John Deere’s See & Spray technology is one example of what an AI-powered system can accomplish on a farm, he says. With 36 cameras and 10 GPUs across the boom, See & Spray identifies and target-sprays weeds.
Fulton has seen up to 85% savings on some applications with the technology in Ohio field tests.
Overall, Fulton estimates farmers can improve their profitability using AI technology in the following ways:
- Early disease detection: 30-50% reduction in crop losses
- Yield prediction: 85-92% accuracy, as well as better grain management and market planning
- Precision irrigation/fertilization: 15-25% cost reduction and 30-40% less water/pesticide use
- Crop planning: Reduces risk of shortages or too much, stabilizing income
- Labor automation: Cuts scouting and monitoring costs; Complete field operations in a timely manner
“Many people are spraying or applying based on crop stage and available timing, and we don’t know if there’s an advantage or not to some of that,” Fulton says. “With new AI-driven technologies, farmers can be more proactive with their crop protection applications.
“Without a doubt, we can also predict corn yield in July,” he adds. “I can give you a corn yield map in July and feel confident that’s going to be how it comes out of your combine in October.
“Now, there’s a lot that can happen between July and October.
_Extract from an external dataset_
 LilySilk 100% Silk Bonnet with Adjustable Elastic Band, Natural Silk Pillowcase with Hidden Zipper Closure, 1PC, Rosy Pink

The weather can turn. But for the most part, we can look ahead and have an idea about harvest yields on a field-by-field basis several months later.”
High Tech ROI
Your customers' operations thrive when variability, residue and inputs are managed with high precision. Fulton says the latest research and industry surveys show the following technologies deliver strong, proven returns:
- VRT (variable rate technology)
- Yield monitoring and mapping
- Auto-steer and section control
- Soil and crop sensors
- Remote sensing and drone imagery
- Advanced planter technology
- Data analytics and farm management platforms
- Automation and robotics
Taking it a step further, Fulton sees automation and robotics as potential game-changing tools for soil health.
“Soil compaction is a significant problem, and we’ll have opportunities to address that in the future through automation and robots,” Fulton says.
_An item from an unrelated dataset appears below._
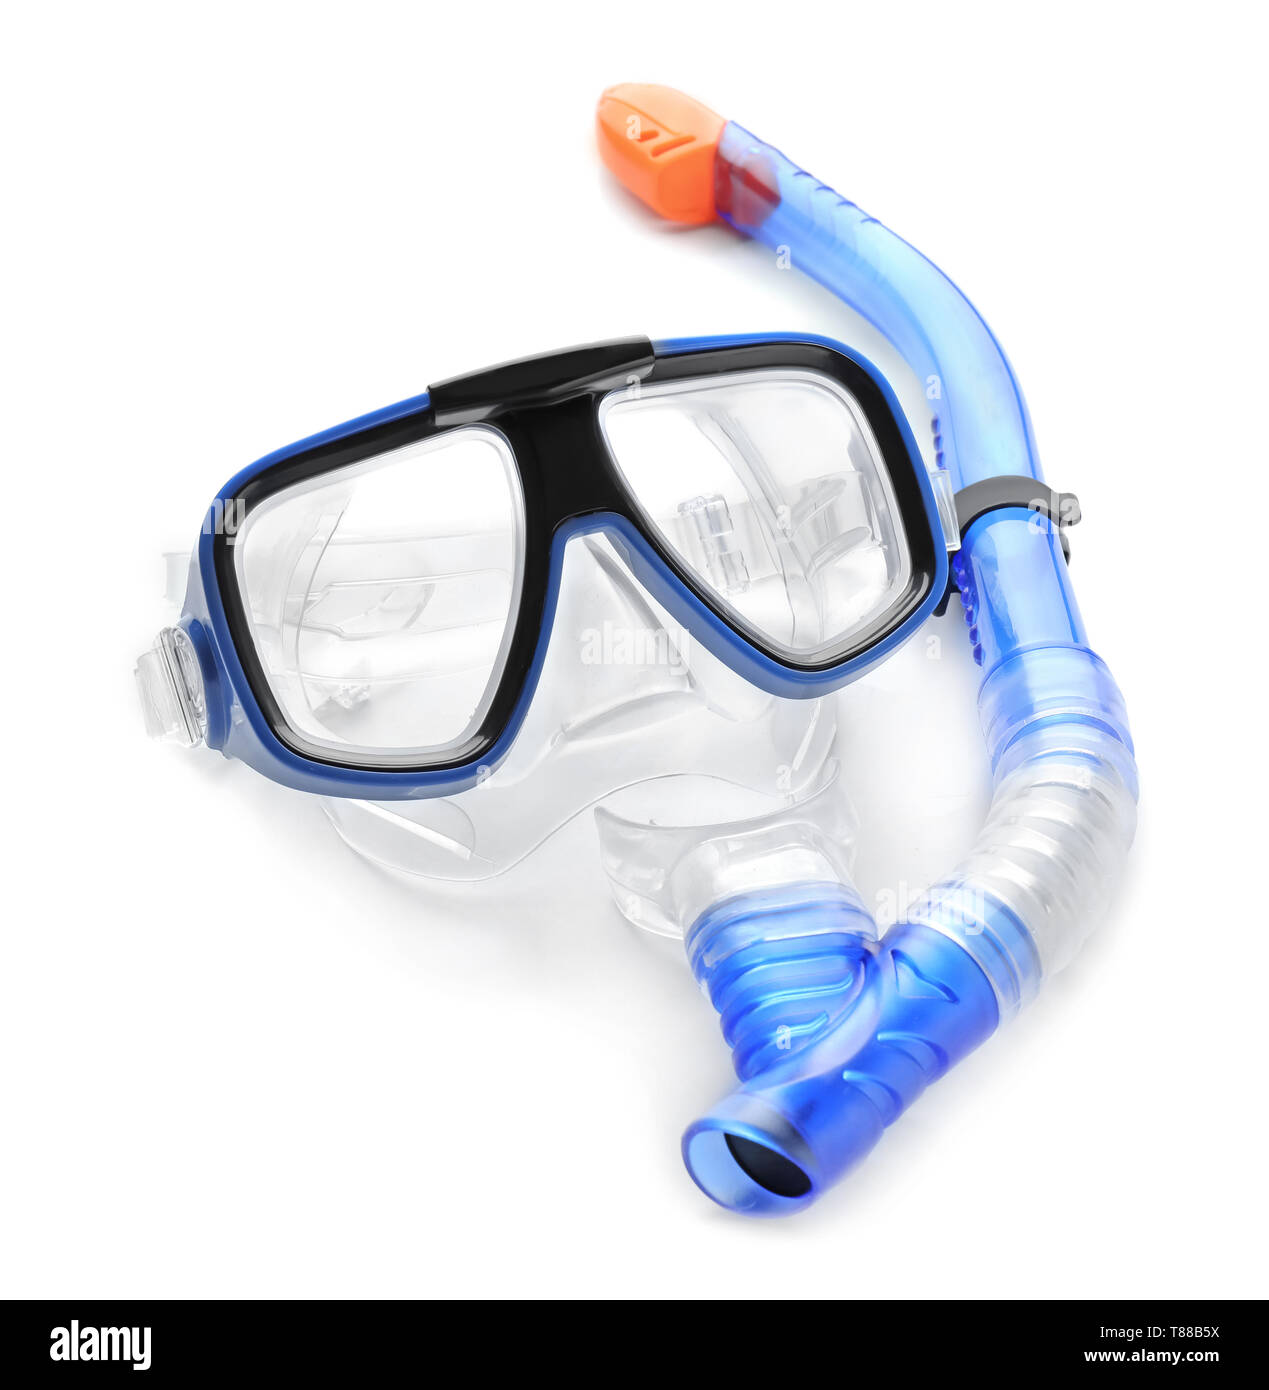 Set for snorkeling on white background Stock Photo

“We continue to build bigger machinery that have higher axle loads, and the only way to address that is by using smaller equipment in a swarm. That will help us start to eliminate or at least address any soil compaction we’ve induced the last 20 years with the large equipment we’ve been operating.”
Fulton and his colleagues at Ohio State dive deeper into the practicality of new technologies through the eFields on-farm research program. Drones, which have become increasingly popular for fungicide applications and cover crop seeding, were put to the test in 2025.
“From a spraying perspective, I’ll give you 3 things we’ve learned,” Fulton says. “First, the higher we fly, the more opportunity there is for the product to miss the target. Our data indicates the lower, the better. Speed and height are a big deal. When comparing flying at ground speeds of 15 mph to 20 mph, coverage reduced when going faster. And finally, we found that reducing the pass-to-pass swath width helps maintain uniform applications. For example, if you buy a drone and the recommendation is 40 feet pass-to-pass swath width, you probably need to be in the 30–34-foot range.”
Ohio State shared 8 years’ worth of eFields data on everything from automation to fertilizer placement in a full report that can be downloaded at digitalag.osu.edu/efields.
As emerging technologies gain traction, Fulton encourages farmers to ask themselves 2 big questions. If you could automate one task on your farm, what would it be? And what’s one thing in your operation you wish precision ag could do for you that it’s not doing today?
“We’ll most likely be able to solve these challenges within the next 10 years,” Fulton says. “I ask these questions to get you thinking because there are going to be solutions coming quickly.”